Emotions are temporary


A big game changer in my life; emotions come in waves. They always go away again. And accepting what you feel instead of trying to fight it off often helps the “wave of emotions” pass faster.


One the negative cycles I always got into was feeling bad, stressing about feeling bad, getting angry because I didn’t want to feel bad, which all just made me feel worse. I always thought fighting off depressive thoughts was the way to go, always. But then I learned it isn’t. Accepting that I had a bad day (or a bad week) and that it would eventually pass again made me feel better way quicker. This realization was truly a significant moment in my healing journey. I needed to learn that accepting the way I am includes accepting that I have negative thoughts, bad days, bad weeks and sometimes bad months.
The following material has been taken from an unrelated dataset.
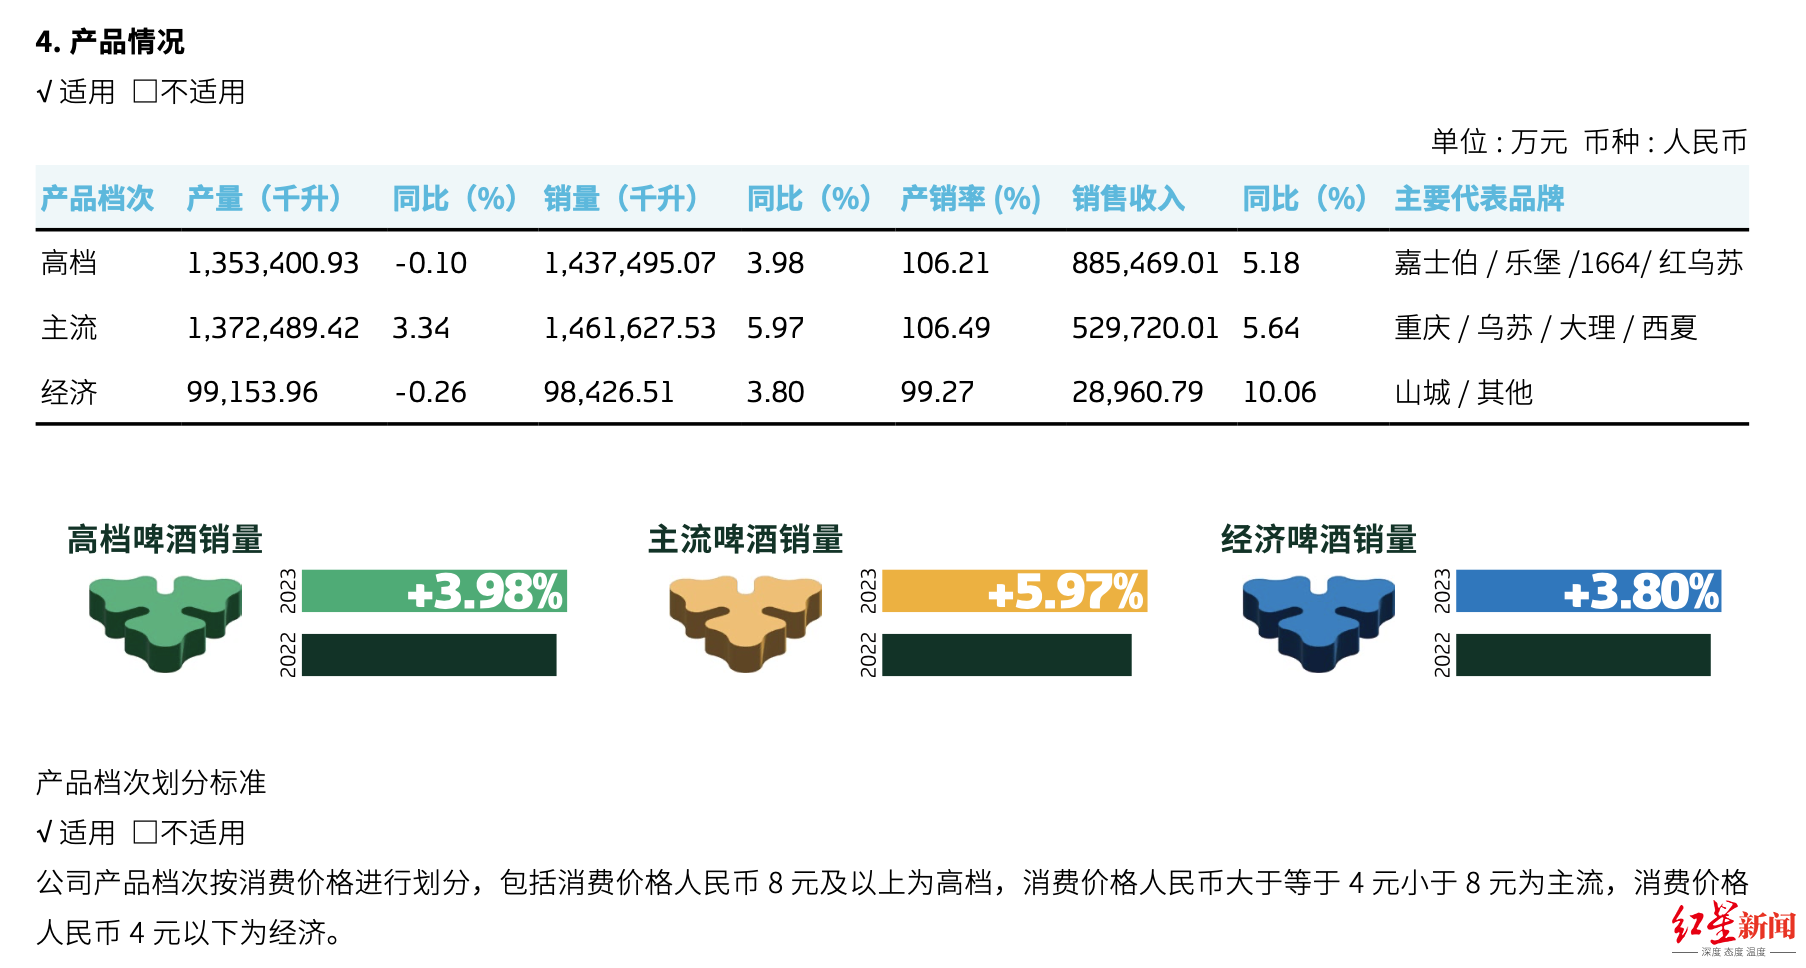 重慶啤酒高端化戰略一年后 4元以下產品營收增幅最大 高檔產品增幅最差

Some things I repeat to myself over and over when I have a bad day are things like this will go away again, this too shall pass, you’ve survived all bad days, weeks and months you have before so you’ll get through this one as well. And this accepting part is hard, however it made a big difference for me as at least I wouldn’t get into that cycle of being angry that I was feeling that way, or being upset that I felt that way which made it worse. I just let it be there, knowing that it’ll go again.


Now this doesn’t mean that I think just simply accepting something will make it go away, it won’t. But it is a start. And it was a great start for me. I have to work hard every day to keep my depressions away, I need to keep training my brain, I need to stick to my work out schedule and so on. But I have been without a depression and without medication for 5 years now, and the accepting was the start of it.


Depression is heavy and fortunately not everyone suffers from it. But this accepting works for very many smaller things as well. When you are in a bad mood, instead of fighting it accept it. When you feel sad, accept it don’t fight it. If we feel a negative emotion come up, accept that it’s there and move on with your day. Often you will forget about it and the negative feeling will be gone before you know it. While if we kept fighting it, it keeps our minds focused on it and it will stay. Don’t let your mood become your mind set.


Something I read once which I think is a pretty cool trick is to instead of saying I am angry; say I feel angry. Angry is not who you are, it’s how you feel in this moment. And the moment will pass again. And angry is no longer how you feel. You are so much more than just your emotions. The emotions are just something you feel right now. Reminding yourself that emotions come in waves and it will always pass again is a powerful tool.





PS Depression is an illness. An illness that needs treatment. And it is very important to find professional help when you need it. I am sharing some of my experiences in dealing with negative thoughts and my depression in my blogs, as maybe these could be helpful to someone else and mostly, I’m sharing them because I wished I had learned these things sooner. Not because I think that my experiences can replace professional help, they don’t.